La Prensa, o sea, la libertad de informar y formar es algo
serio. Muy serio. Vividores de todos los colores y tendencias han puesto en
ella su pesebre. Sí. Lo que he dicho. Comen de hablar de todo y de todos. Lo
mismo se opinan de economía que de las diez mil facetas de los ojos de las
moscas.
Dan asco algunas cadenas de televisión. No se puede caer más
bajo; no se puede ser más pelota y más sin gracia; no hay por donde cogerlos.
El problema no radica en ellos. Es que eso es lo gusta a la gente. A mucha
gente. Ahí está lo malo.
Los diamantes se hicieron con un fin muy concreto y…¿Ese es
el estómago del pueblo? Me cuesta mucho, muchísimo aceptarlo. Sé de estómagos
llenos que escriben o hablan al dictado de la “voz de su amo”. Es la esclavitud
del siglo XXI. El bíblico Esaú vendió la primogenitura por un plato de
lentejas; algunos de estos han vendido su libertad.
Decía mi gran director, Paco Rengel, que sólo con ver el
periódico que lleva la gente bajo el brazo, se sabe la ideología que tiene.

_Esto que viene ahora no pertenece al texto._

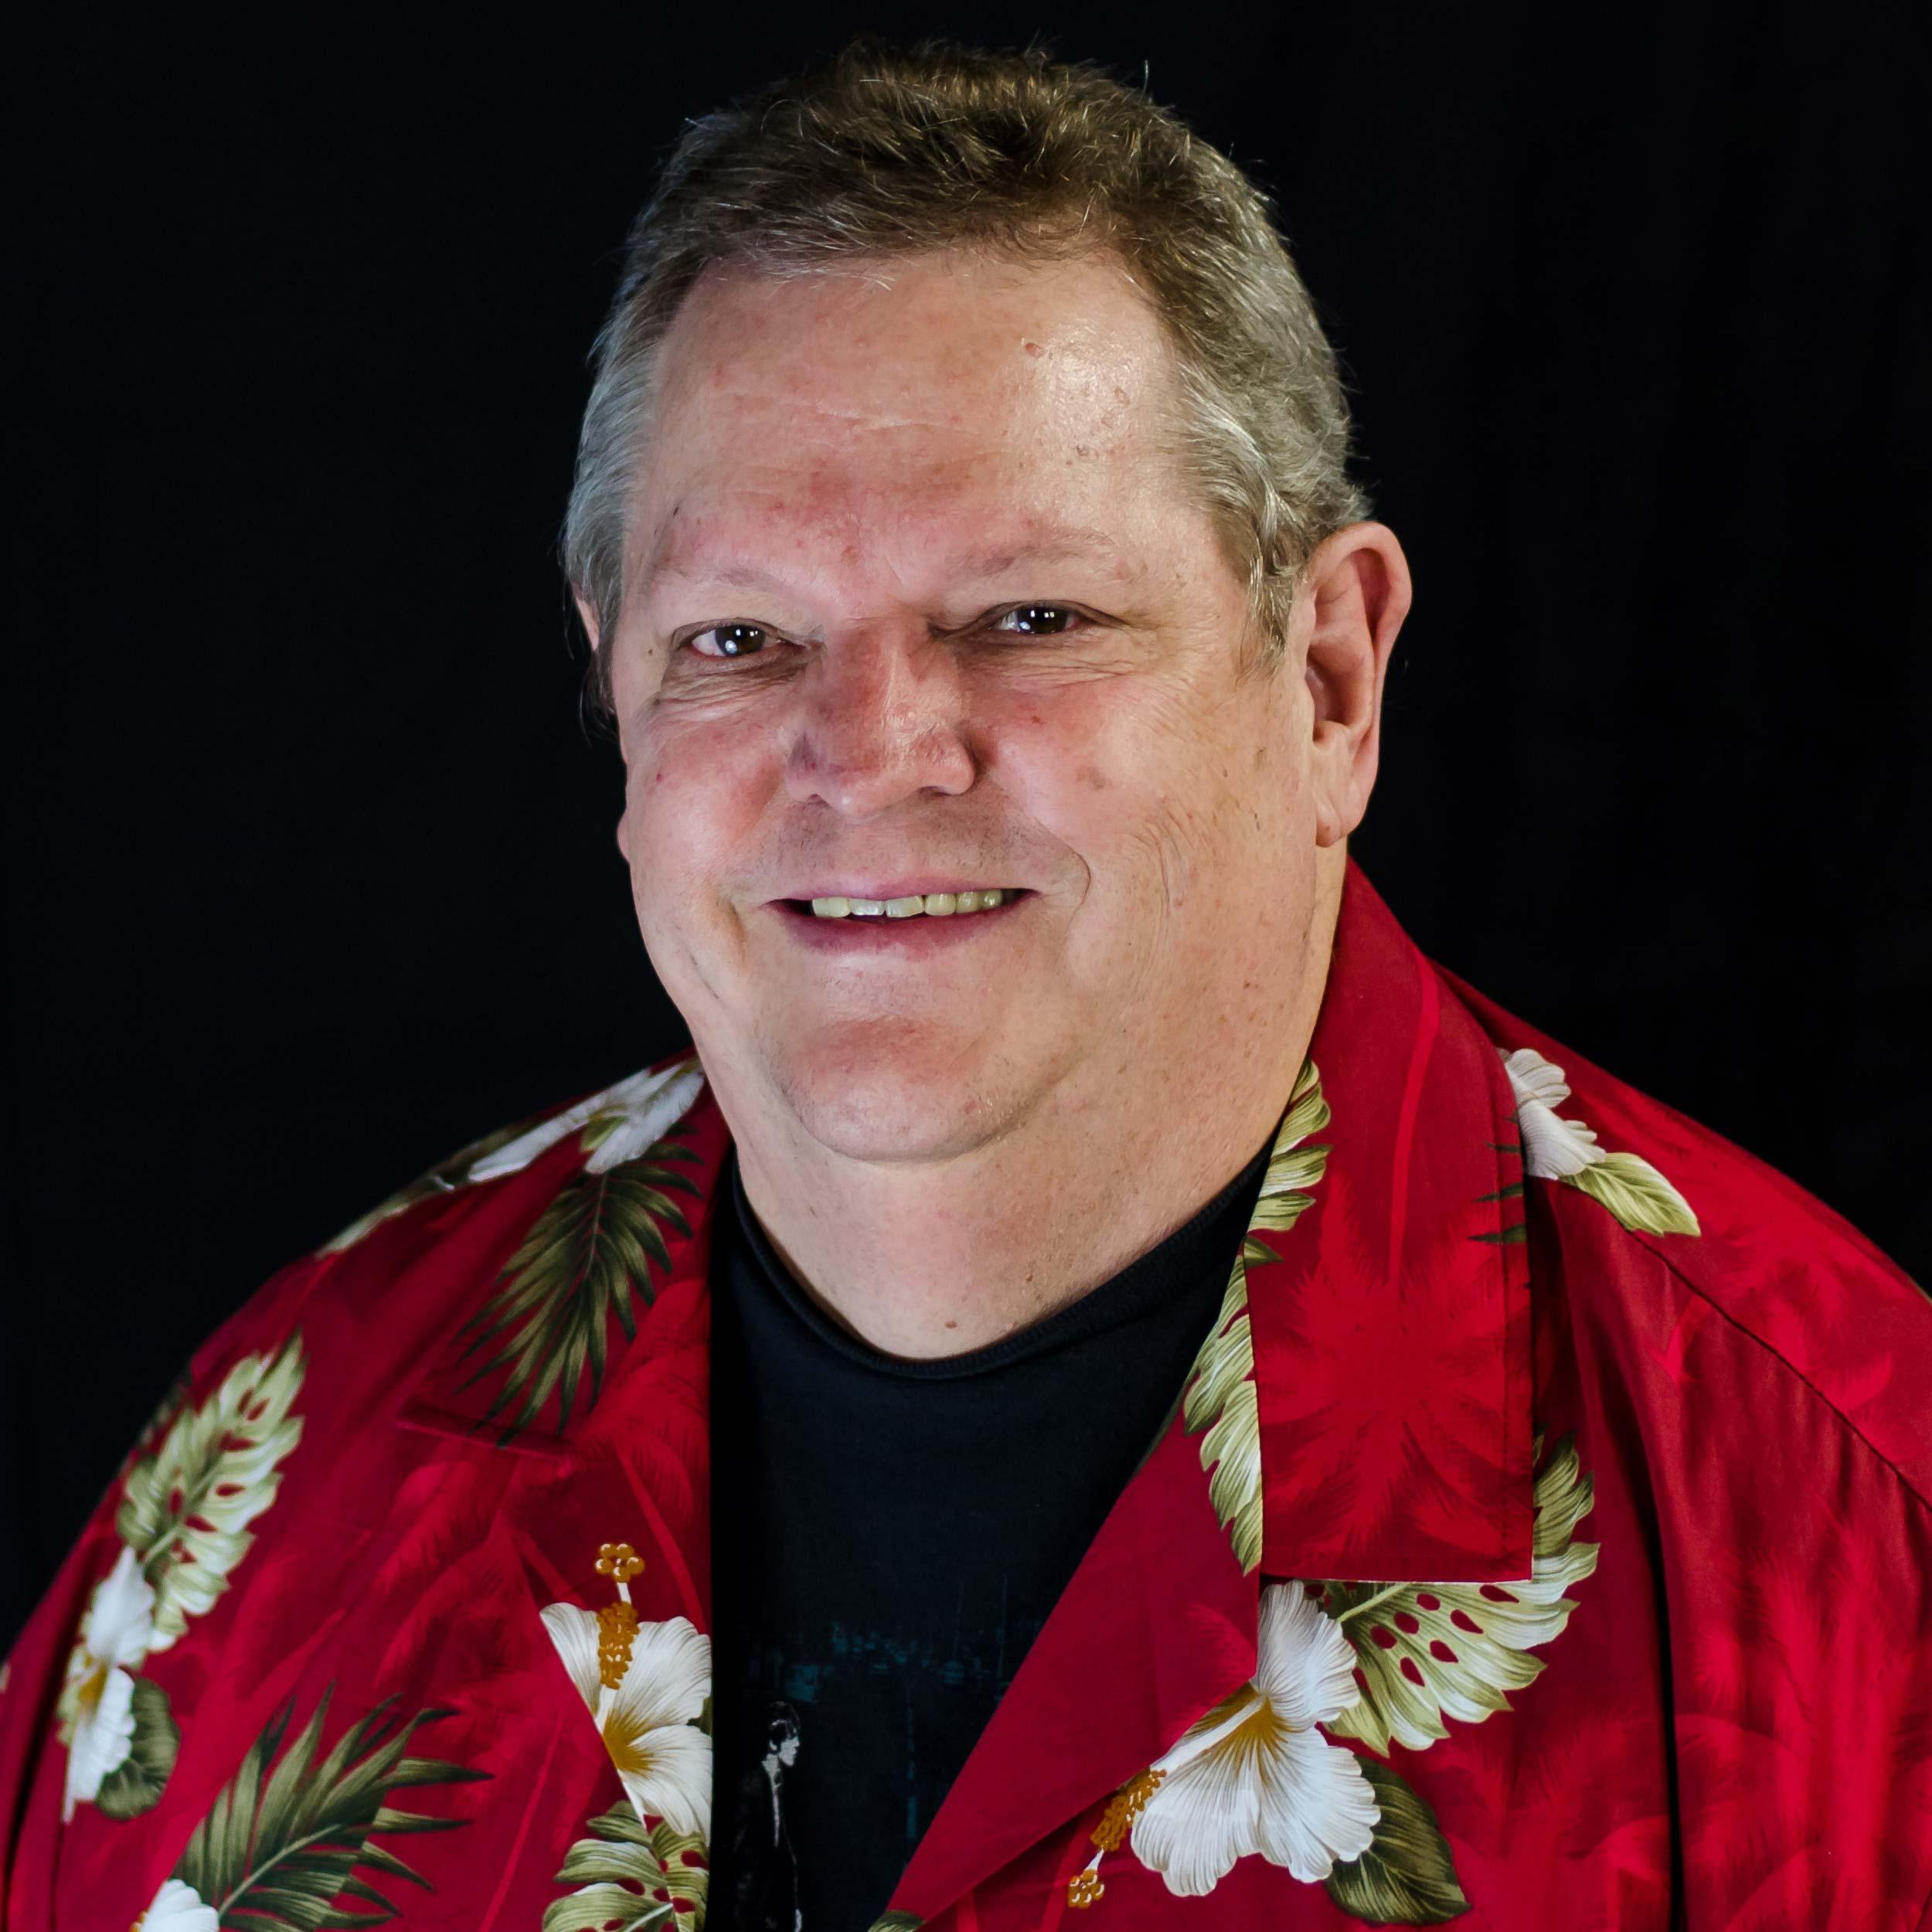 JEFF BLACKWELL technical director, panelist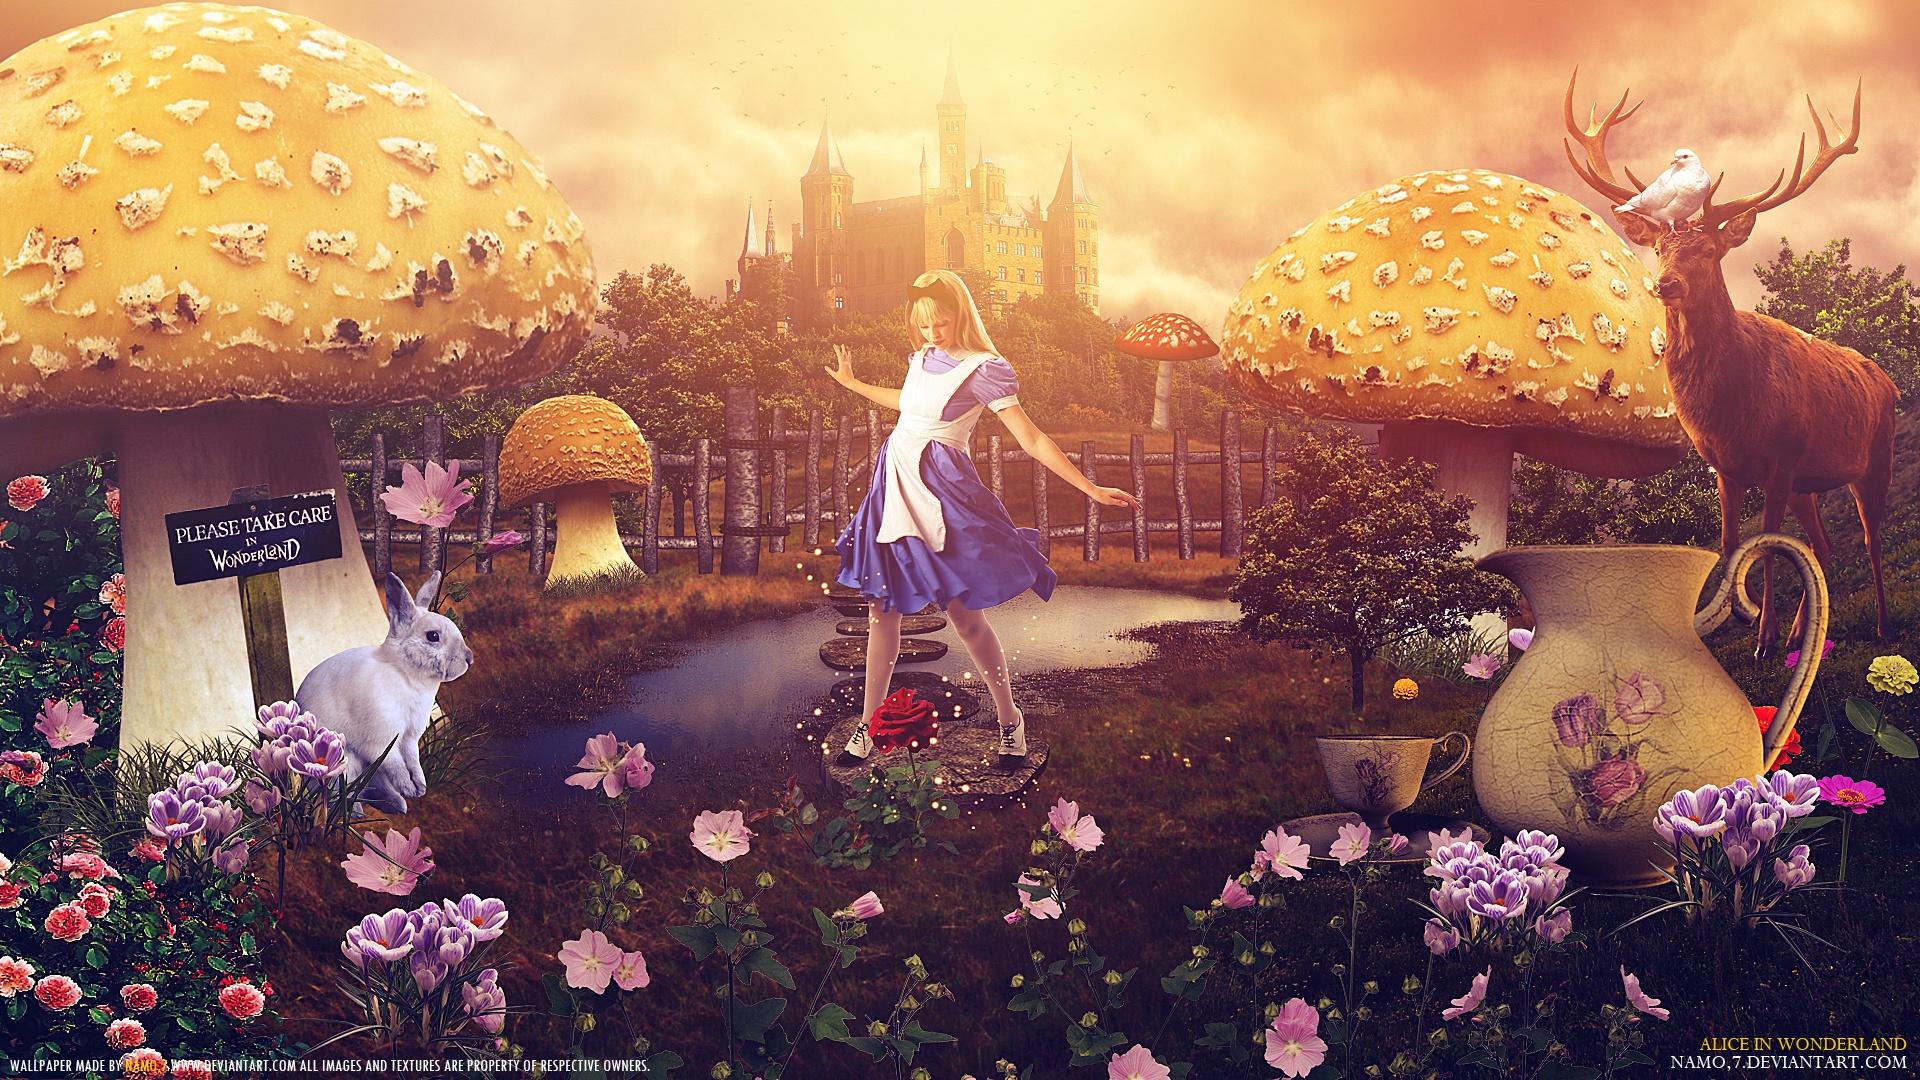 Wallpaper Alice In Wonderland Creative Picture 1920x1080 Full Hd

Triste, muy triste que los periódicos no sean capaces de mantener la
objetividad.
¿Se acuerdan? Si se emborracha el señorito, alegría; si lo
hace el pobre, poca vergüenza. Todo depende del cristal con que se mira. El
hombre llegue a la luna. Tiene dos lecturas: la victoria del capitalismo
asqueroso y facha o el progreso del pueblo que rompe fronteras.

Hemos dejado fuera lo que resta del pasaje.